O que é que verdadeiramente queremos? A
realização plena de todas as dimensões do ser humano, a plenitude, a
felicidade. O Papa Francisco sabe disso e escreveu a exortação Alegrai-vos e
Exultai, para indicar o caminho dessa realização, na convicção de que Deus,
"aquele que pede tudo, também dá tudo, e não quer entrar em nós para
mutilar ou enfraquecer, mas para levar à perfeição". Sempre sob o desígnio
da alegria. Francisco lembra o livro da Bíblia, Ben Sirá: "Meu filho, se
tens com quê, trata-te bem. Não te prives da felicidade presente" e também
São Francisco de Assis, "capaz de se comover de gratidão perante um pedaço
de pão duro ou de louvar, feliz, a Deus, só pela brisa que acariciava o seu
rosto". Não se trata, portanto, da "alegria consumista e
individualista. Com efeito, o consumismo só atravanca o coração; pode
proporcionar prazeres ocasionais e passageiros, mas não alegria". A
verdadeira alegria é aquela que "se vive em comunhão, que se partilha e
comunica", porque, segundo uma palavra de Jesus, "a felicidade está
mais em dar do que em receber". Não será por acaso que na cultura de hoje
se manifestam alguns riscos e limites, a evitar: "a ansiedade nervosa e
violenta que nos dispersa e enfraquece, o negativismo e a tristeza, a acédia
cómoda, consumista e egoísta, o individualismo e tantas formas de falsa
espiritualidade sem encontro com Deus que reinam no mercado religioso
actual". "O consumismo hedonista pode enganar-nos, porque, na
obsessão de nos divertirmos, acabamos por estar excessivamente concentrados em
nós mesmos, nos nossos direitos e na exacerbação de ter tempo livre para gozar
a vida..., acabando por nos transformar em pobres insatisfeitos que tudo querem
provar. O próprio consumo de informação superficial e as formas de comunicação
rápida e virtual podem ser um factor de estonteamento que ocupa todo o nosso
tempo e nos afasta da carne sofredora dos irmãos. No meio deste turbilhão
actual, volta a ressoar o Evangelho para nos oferecer uma vida diferente, mais
saudável e mais feliz", adoptando cada um o seu caminho e discernindo segundo
os tempos e as circunstâncias, sem, por outro lado, ficar sujeito a um zapping
constante. Deus é eterna novidade e não se pode cair na sedução da habituação,
do "sempre foi assim": a Igreja não é "uma peça de museu nem uma
propriedade de poucos".
"O que é que tem real valor na vida?
Quais são as riquezas que não desaparecem? Seguramente duas: Deus e o próximo.

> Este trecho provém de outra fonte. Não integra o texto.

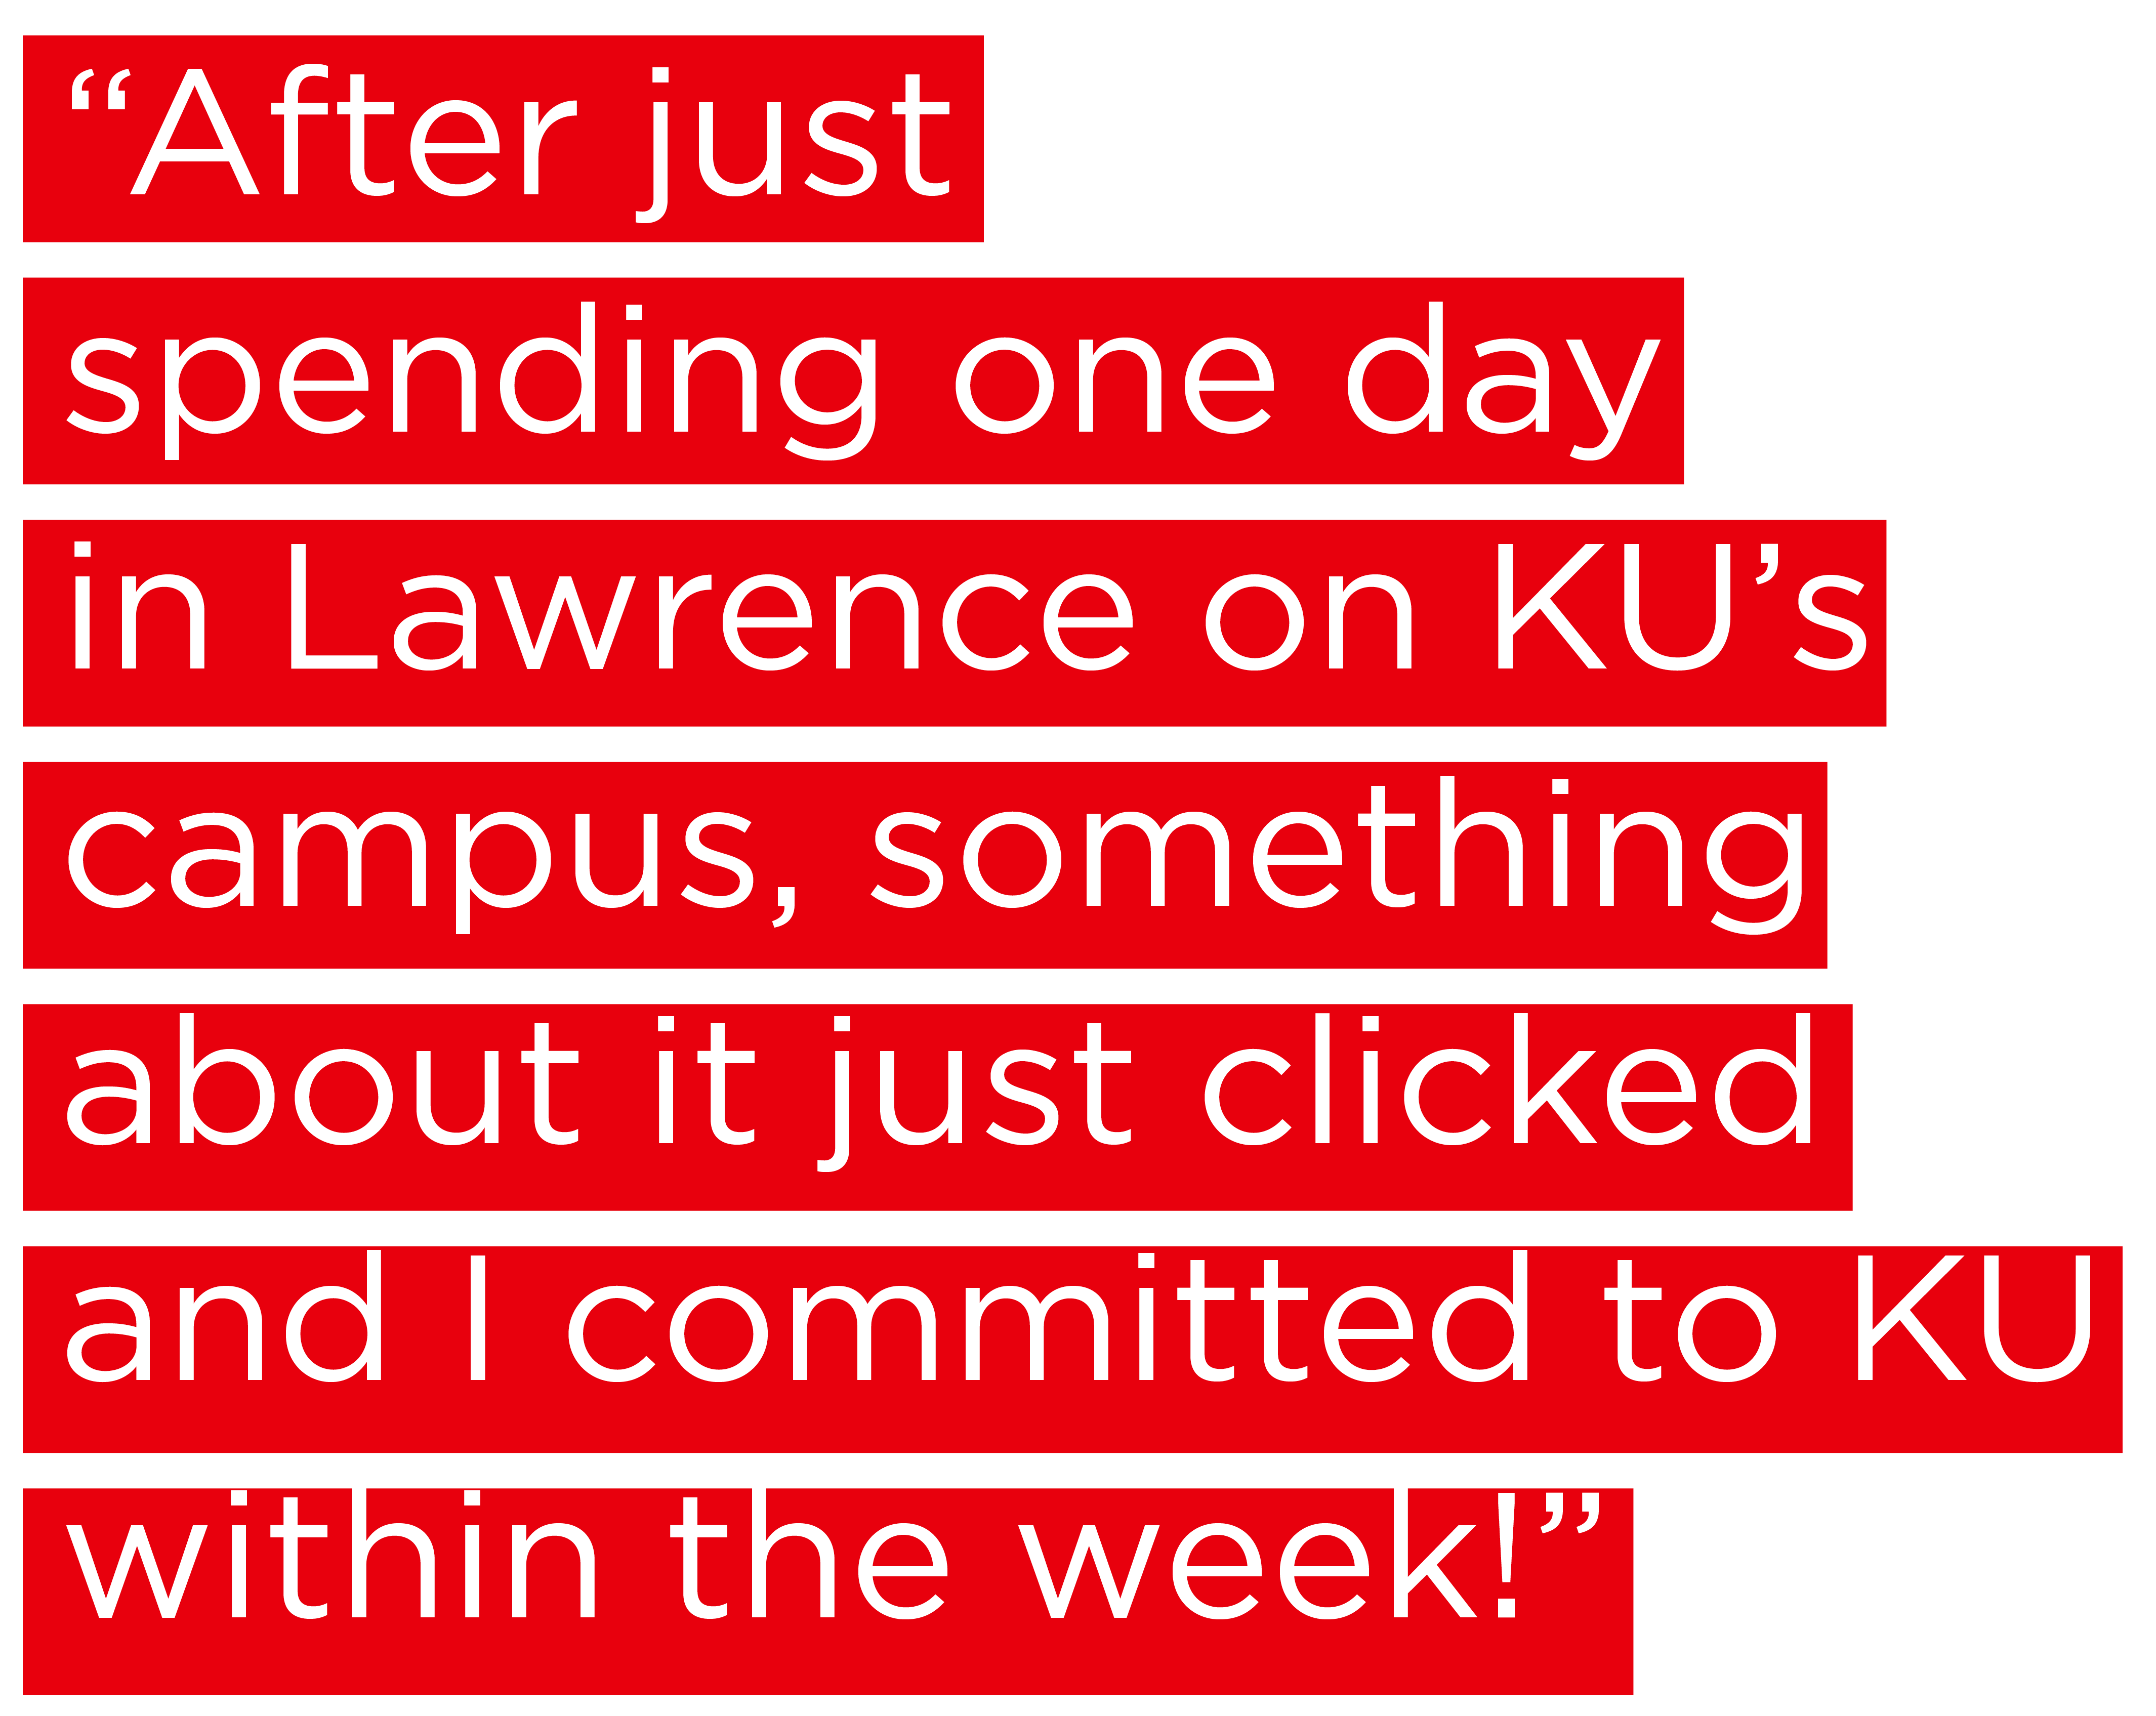 "After just spending one day in Lawrence on KU's campus, something about it just clicked and I committed to KU within the week!"

Estas duas riquezas não desaparecem." E as duas são inseparáveis. Jesus,
mais do que muitas fórmulas e preceitos, entregou-nos "dois rostos, ou
melhor, um só: o de Deus que se reflecte em muitos, porque em cada irmão,
especialmente no mais pequeno, frágil, inerme e necessitado, está presente a
própria imagem de Deus". Assim, a santidade é feita de abertura habitual à
transcendência, que se expressa na oração e na adoração. "O santo é uma
pessoa com espírito orante, que tem necessidade de comunicar com Deus. É alguém
que não suporta asfixiar-se na imanência fechada deste mundo e, no meio dos
seus esforços e serviços, suspira por Deus, sai de si erguendo louvores e
alarga os seus confins na contemplação do Senhor." Há dois erros nocivos.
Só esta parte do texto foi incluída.